I was skunked also yesterday. Very few fish in the river now. Was that it?!?!


----------



## mrsteel (Jan 17, 2001)

what we need is some good rain to move some of these fish up. and alot of the time i am there i am there from early morning to dark that might be some of the reason i catch them to cause i am there for a nerve wrecking amount of time i stay so long because i have no ride most of the time so i got to use my time there i dont mean to brag but i am very experienced. good luck everyone


----------



## mickey (Sep 25, 2000)

Kyle,

I dont fish every evening and I have hooked over 20 steelhead this year on the Clinton. I went 2-5 last friday and 3-6 the friday before. I fished a couple weekday evenings with 2 and 3 fish nights. So, a 6 fish day has been my best (so far). I have released all fish, but your right...there is a lull in the run right now. My experience on this river is good enough to guide it, but I won't


----------



## woods&water (Mar 8, 2010)

mickey said:


> Kyle,
> 
> I dont fish every evening and I have hooked over 20 steelhead this year on the Clinton.
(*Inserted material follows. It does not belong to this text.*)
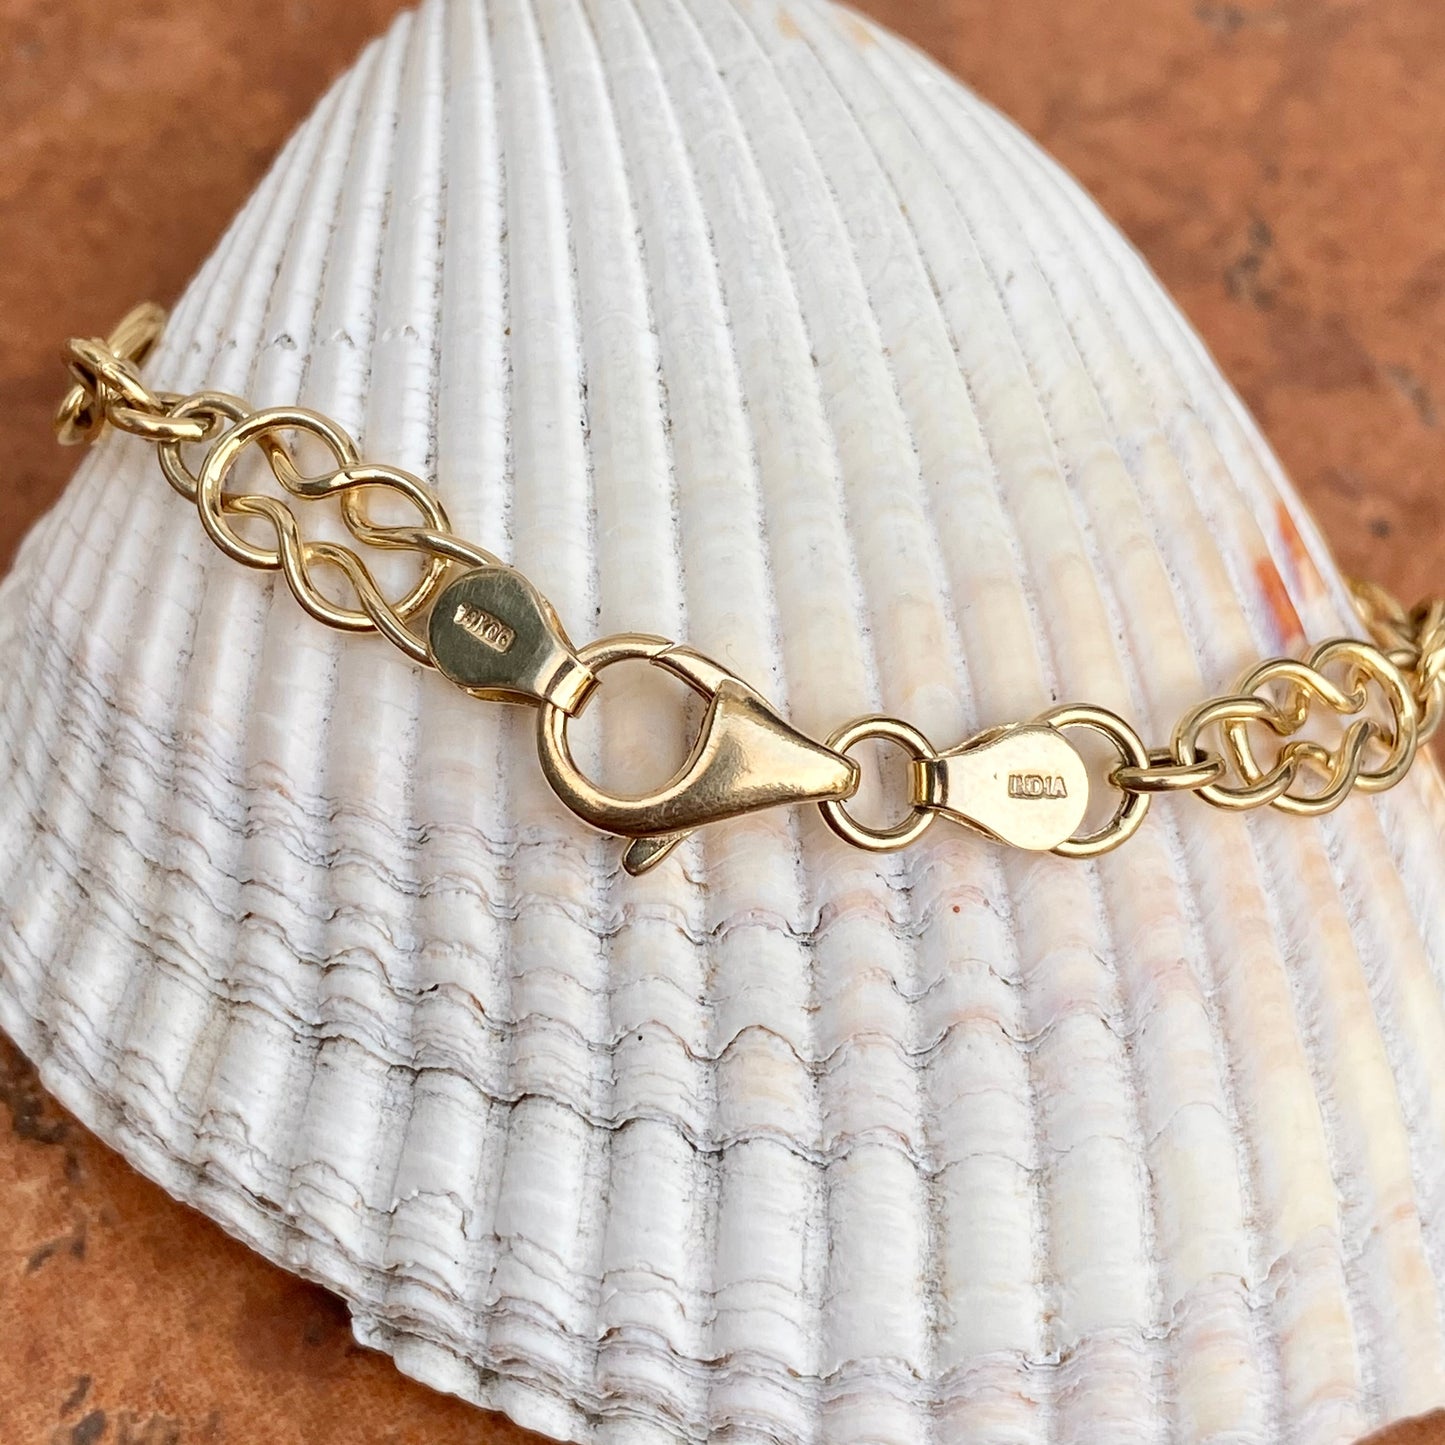 14KT Yellow Gold Polished Circles Flat Link Chain Bracelet

I went 2-5 last friday and 3-6 the friday before. I fished a couple weekday evenings with 2 and 3 fish nights. So, a 6 fish day has been my best (so far). I have released all fish, but your right...there is a lull in the run right now. My experience on this river is good enough to guide it, but I won't


_Posted via Mobile Device_


----------



## woods&water (Mar 8, 2010)

I have been out to yates thepast couple of weekends. I have only fished for about 3 hours total. I have hooked up on 3 nice steelies. one was 24", 27", and a 30. First time out casted 2x. Second time out casted 15 times. And the third time out I casted about 20-30 times. Man I love this stuff.
_Posted via Mobile Device_


----------



## quest32a (Sep 25, 2001)

This thread is nearly 10 years old. We can carry on this conversation on a different thread.


----------